Ethanol containing 4,6-bis (octylthioethyl) -o-cresol was added thereto to terminate the polymerization, and then unreacted butadiene and 2-butenes were removed by evaporation to obtain 86 g of polybutadiene rubber.
This polymer had a Mooney viscosity (ML1 + 4) at 100 ° C. of 40.1 and a 5 wt% toluene solution viscosity (Tcp) at 25 ° C. of 55.2. The weight average molecular weight (Mw) was 450,000, the 1,4-cis structure content was 97.3%, and the intrinsic viscosity ([η]) was 1.9.
Using the above-mentioned branched polybutadiene, in accordance with the formulation shown in Table 2, using a 250 cc closed kneader, kneading natural rubber, branched polybutadiene, metallocene BR, carbon black, etc., and then adding the vulcanization accelerator and sulfur. Mixed with open roll. Next, press vulcanization was performed, and the physical properties were evaluated by the obtained vulcanized test pieces. The results are shown in Table 1.

(Comparative example)
According to the formulation shown in Table 2, a natural rubber, linear polybutadiene, carbon black and the like were kneaded using a 250 cc closed kneading apparatus, and then the vulcanization accelerator and sulfur were mixed with an open roll. Next, press vulcanization was performed, and the physical properties were evaluated by the obtained vulcanized test pieces.

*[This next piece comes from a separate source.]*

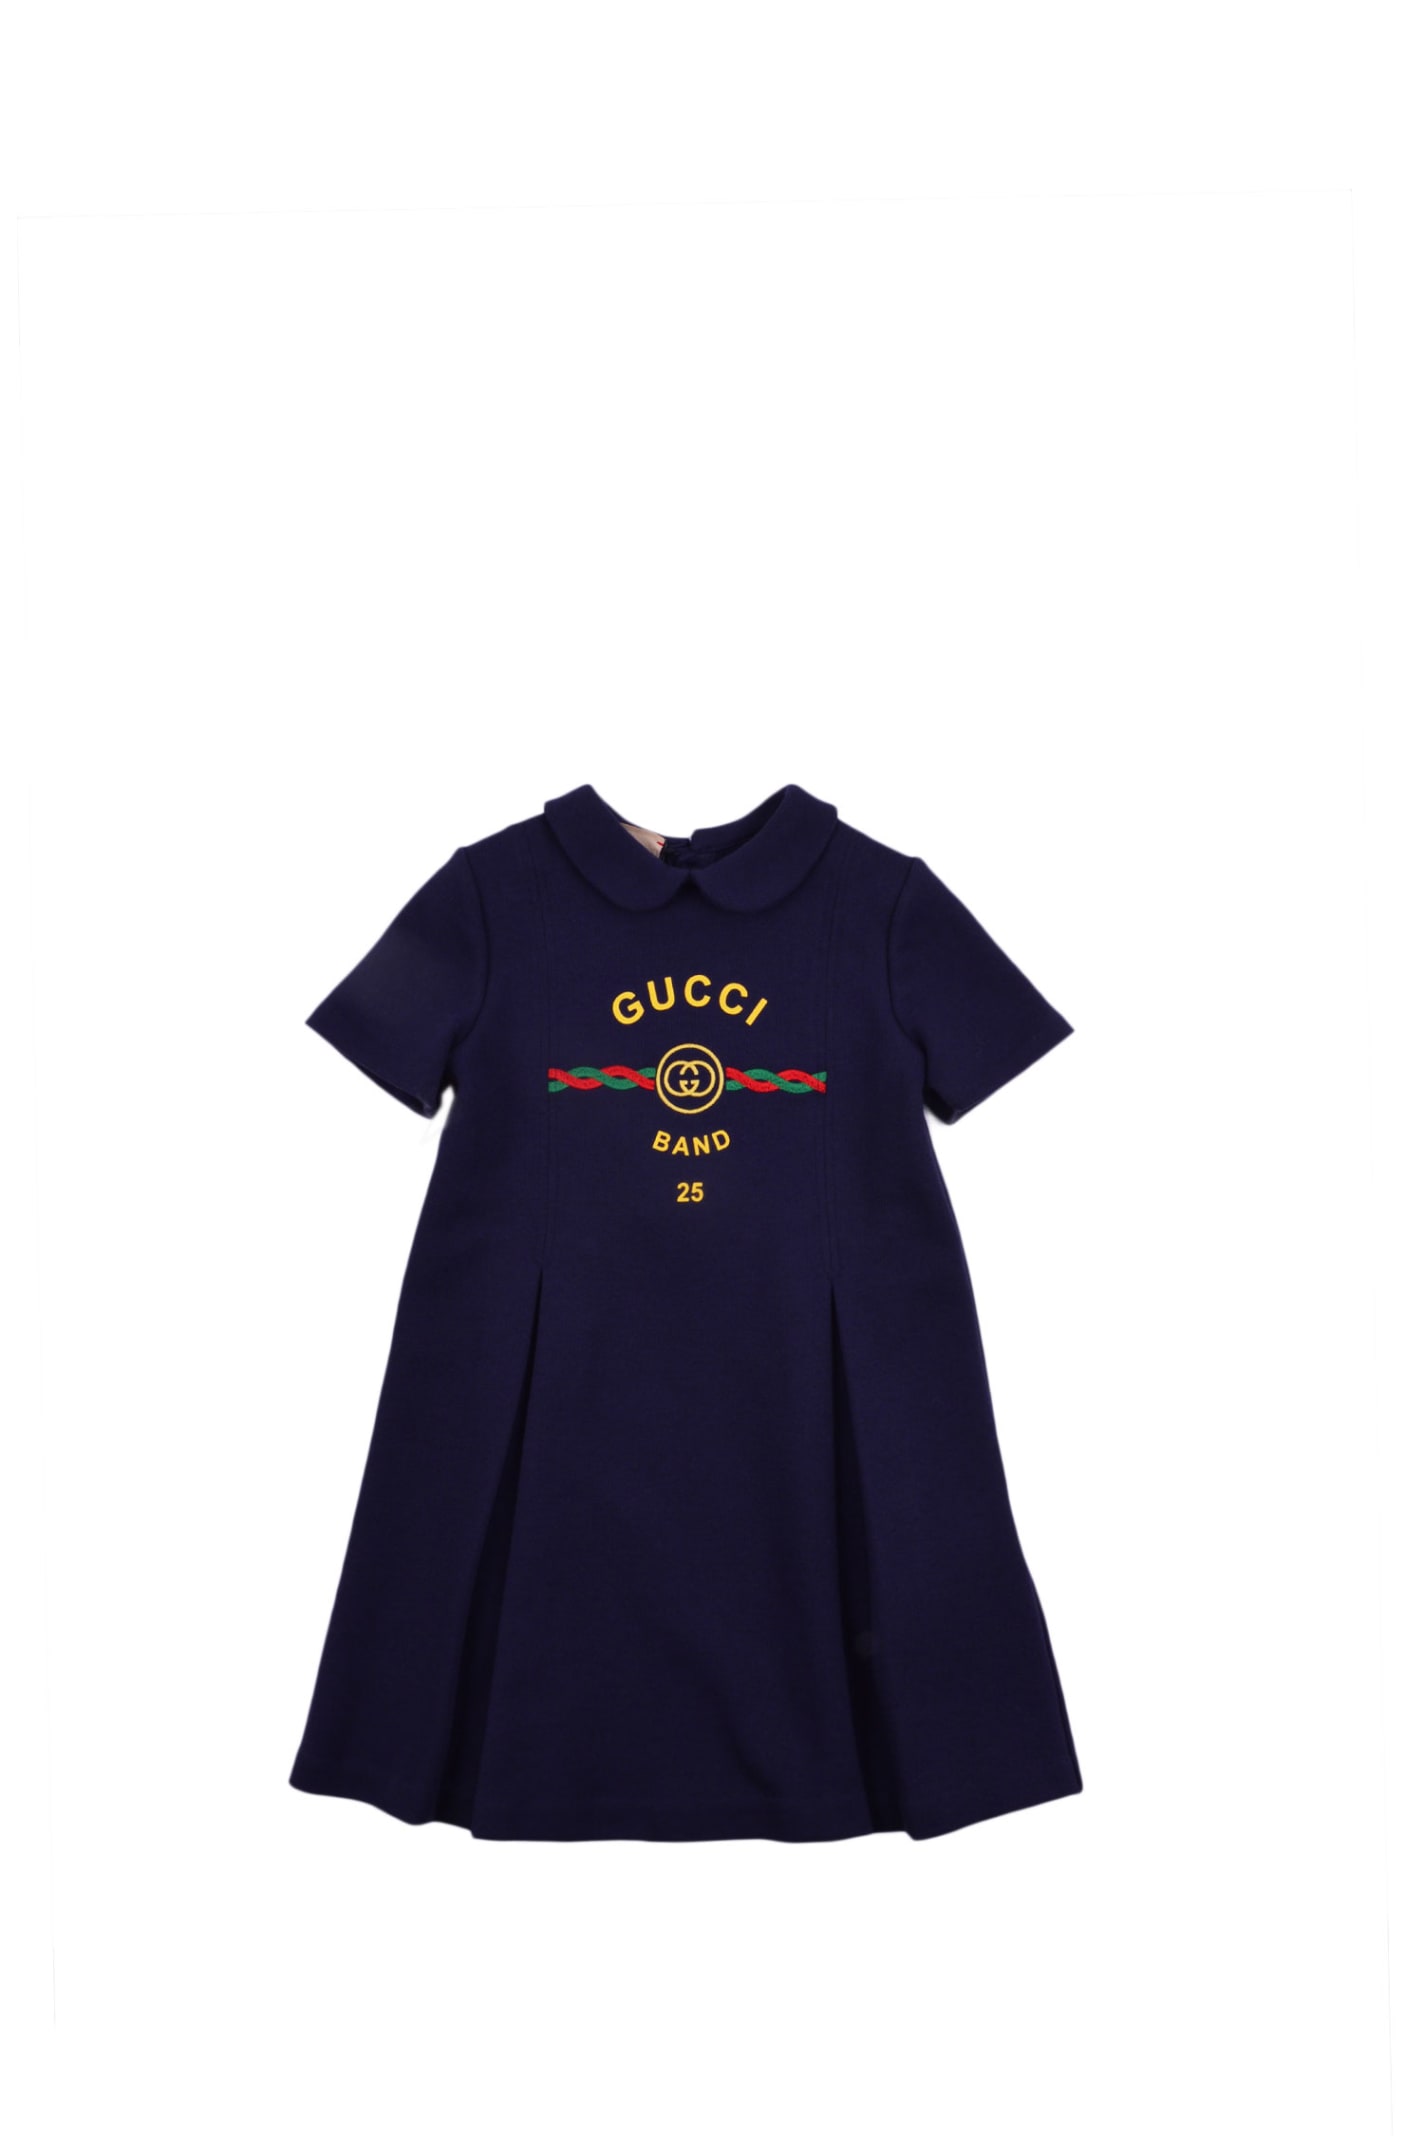 Gucci Printed Dress In Fleece Cotton

The materials applied in this experiment are as follows.
Natural rubber: RSS # 1 (ML1 + 4, 100 ° C = natural rubber adjusted to 70)
Linear high cis polybutadiene: UBEPOL BR150L manufactured by Ube Industries, Ltd.
Branched high cis polybutadiene: UBEPOL BR150B manufactured by Ube Industries, Ltd.
Carbon Black: Tokai Carbon Seast 9
Aroma oil: Esso Oil # 110
Stearic acid: Asahi Denka Adeka Fatty Acid SA-300
Zinc oxide: Sakai Chemical Industry Sazex No. 1 anti-aging agent: Era Ouchi Nocrack 6C
Vulcanization accelerator: Noxeller NS (N-tert-butyl-2-benzothiazolylsulfenamide) manufactured by Ouchi Shinsei Chemical Industry Co., Ltd.
Sulfur: Sulfur manufactured by Hosoi Chemical Co., Ltd.

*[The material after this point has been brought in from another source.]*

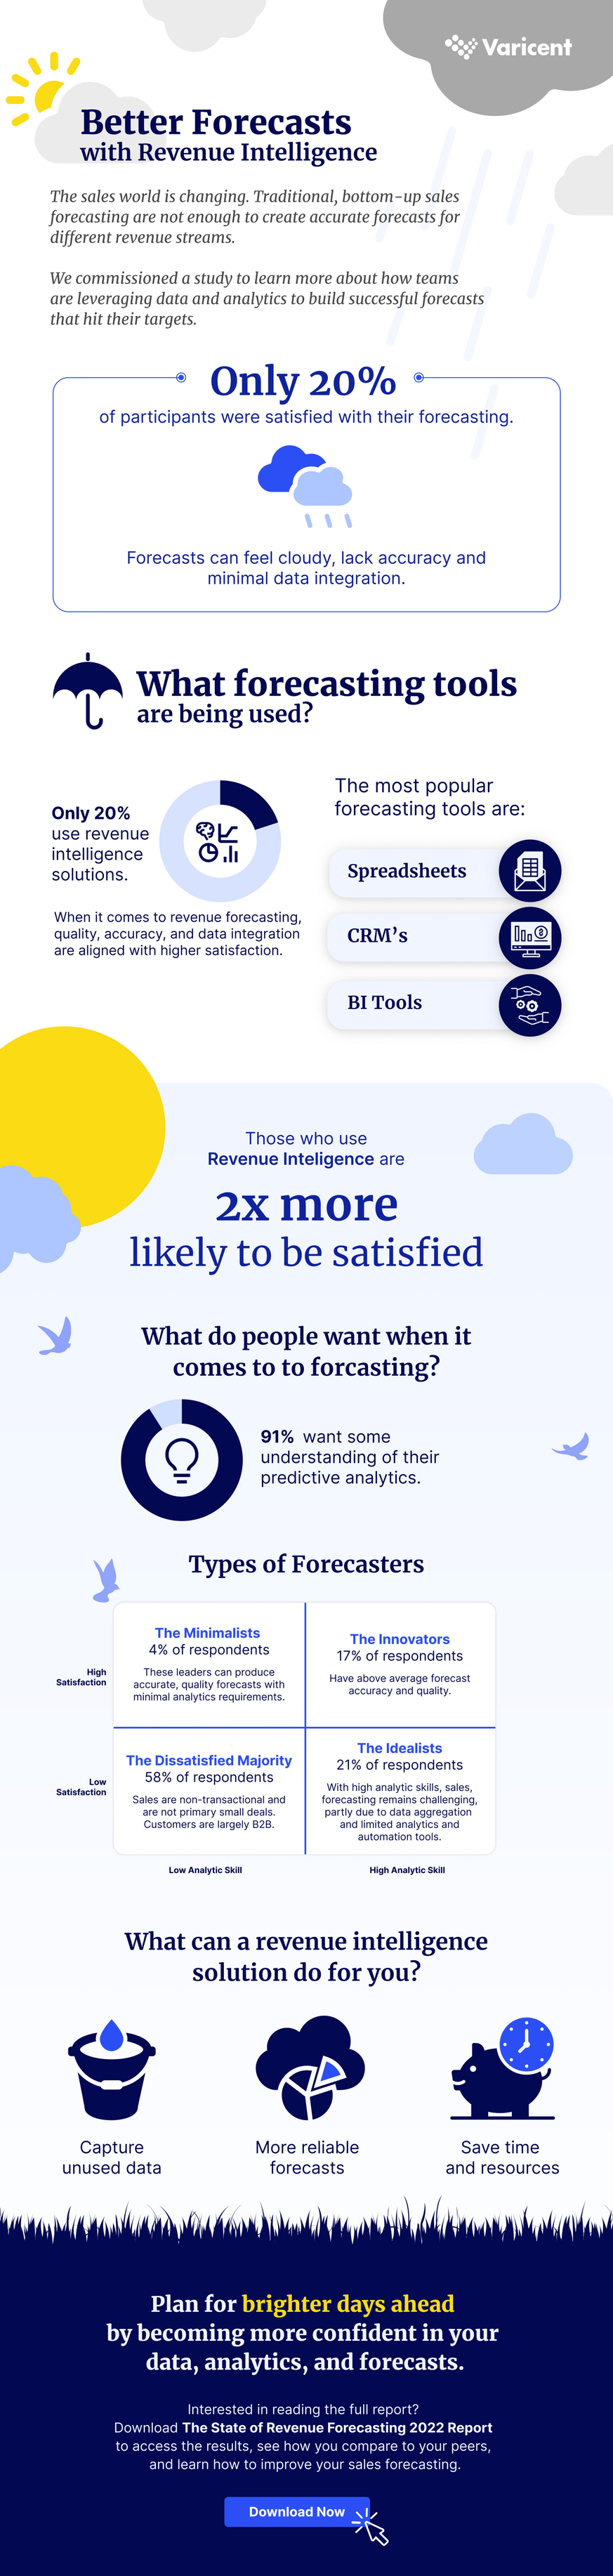 Better-Forecasts-with-Revenue-Intelligence

The use of the rubber composition obtained in the present invention is a tire field, in particular, a cold region tire. Further, as a tire member, it is a base tread, a sidewall, a chafer, a beat, a rim strip and the like.

Claims (5)

A rubber composition for tires, which is a vulcanizable rubber (A), a branched rubber (B) having a high cis structure other than (A), and a rubber reinforcing material (C).   2. The tire rubber composition according to claim 1, wherein the vulcanizable rubber (A) is natural rubber. The branched rubber (B) having a high cis structure has a 1,4-cis structure of 80% or more, a ratio of 5% toluene solution viscosity (Tcp) to Mooney viscosity (ML _{1 + 4} ) at 100 ° C. (Tcp / ML1 _{+ 4} ) is 0.5-2.0, The rubber composition for tires in any one of Claim 1 and 2 characterized by the above-mentioned.   The rubber composition for tires according to any one of claims 1 to 3, wherein the rubber reinforcing material (C) is carbon black and / or silica.   A tire produced using the tire rubber composition.